Beneath this instruction is a block of data; output from it exactly the lines that run from the one containing "deliciosa pizza fresca" through the one containing "Teppich Beigegrundig. Blatt- und", inclusive.

Data supplied:
........

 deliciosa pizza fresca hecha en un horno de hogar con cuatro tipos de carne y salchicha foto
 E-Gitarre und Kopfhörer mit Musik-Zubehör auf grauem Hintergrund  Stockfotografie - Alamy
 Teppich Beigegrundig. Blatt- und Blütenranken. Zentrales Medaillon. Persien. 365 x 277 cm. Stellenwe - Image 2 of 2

........

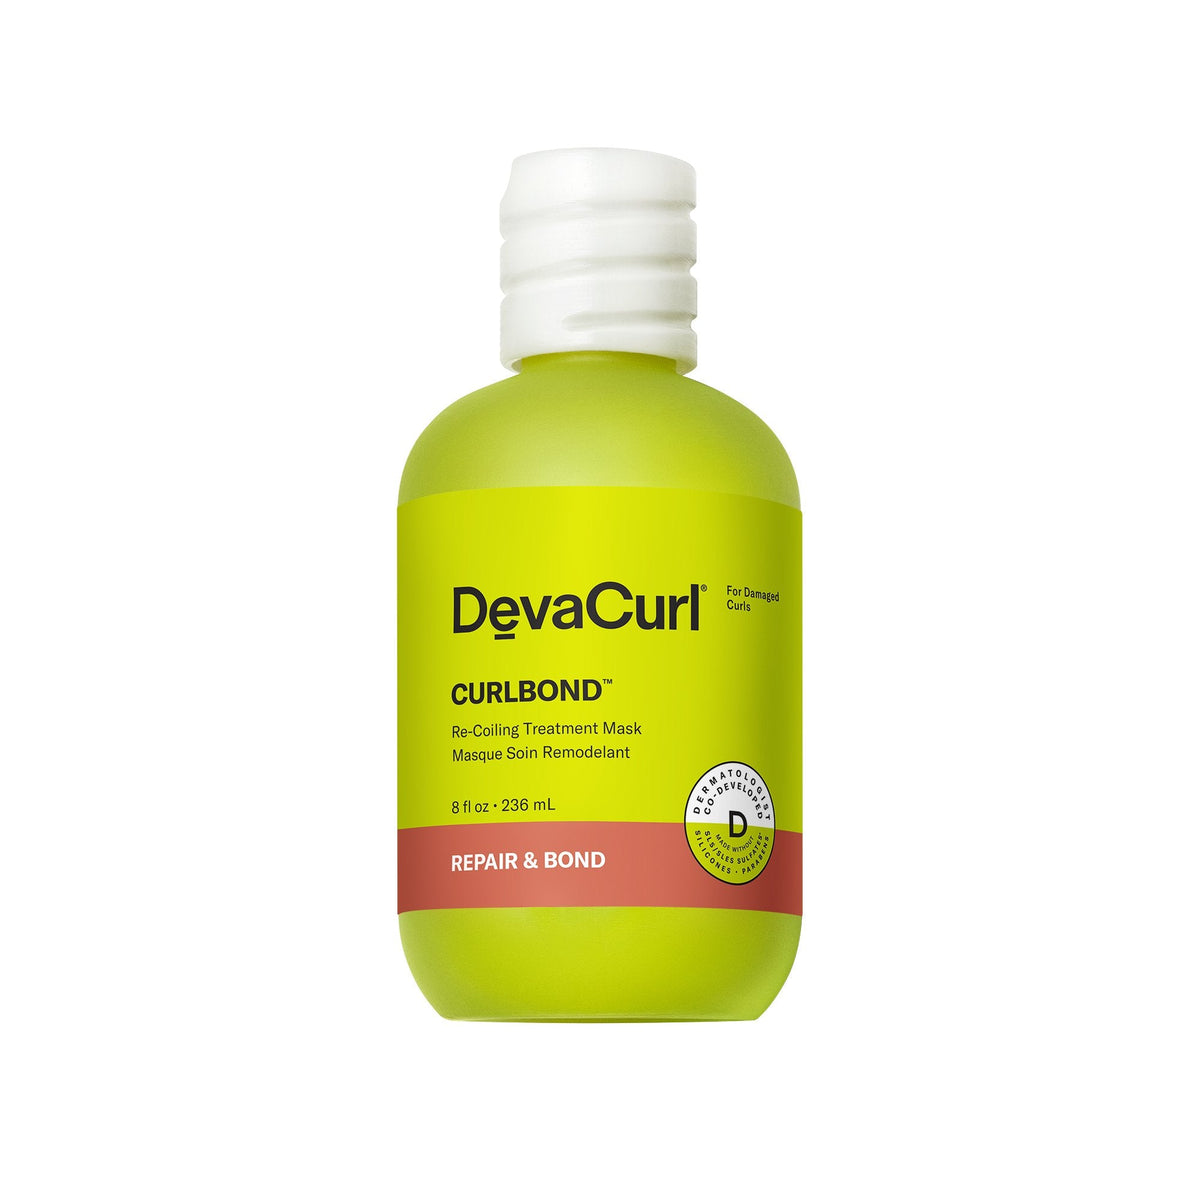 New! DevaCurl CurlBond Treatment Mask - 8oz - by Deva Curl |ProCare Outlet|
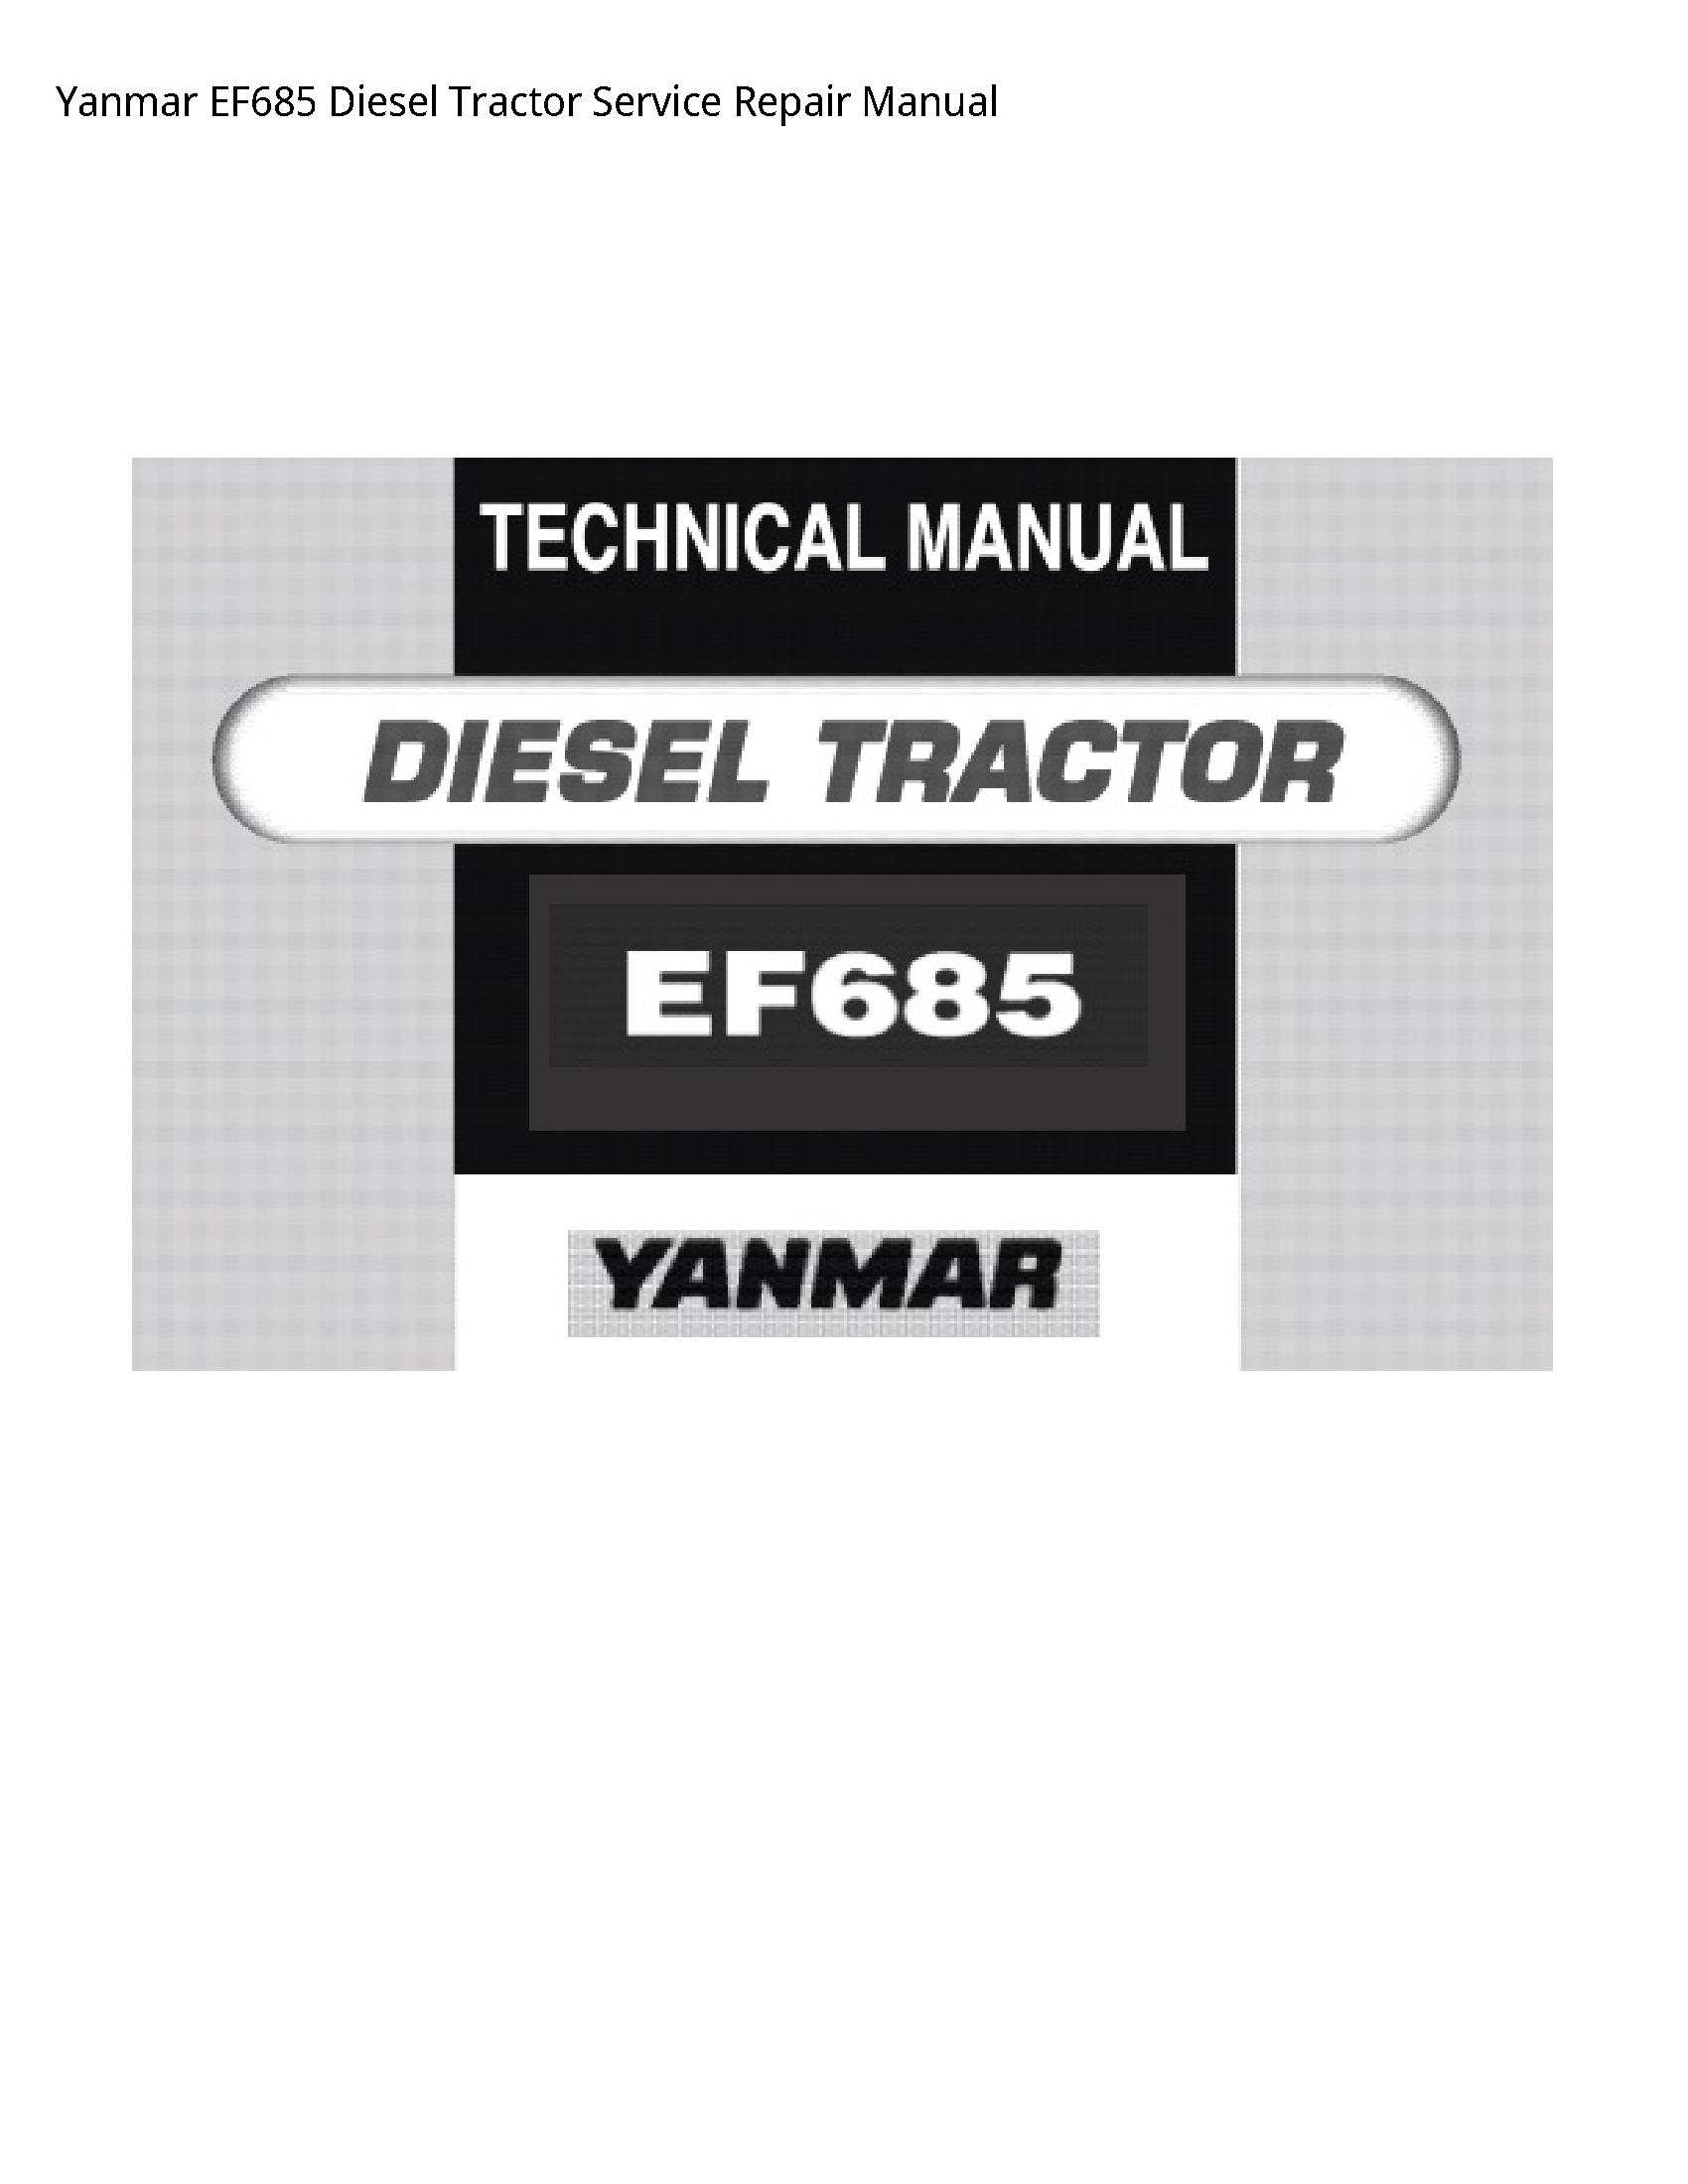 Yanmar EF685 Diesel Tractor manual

........

Result for this task:
 deliciosa pizza fresca hecha en un horno de hogar con cuatro tipos de carne y salchicha foto
 E-Gitarre und Kopfhörer mit Musik-Zubehör auf grauem Hintergrund  Stockfotografie - Alamy
 Teppich Beigegrundig. Blatt- und Blütenranken. Zentrales Medaillon. Persien. 365 x 277 cm. Stellenwe - Image 2 of 2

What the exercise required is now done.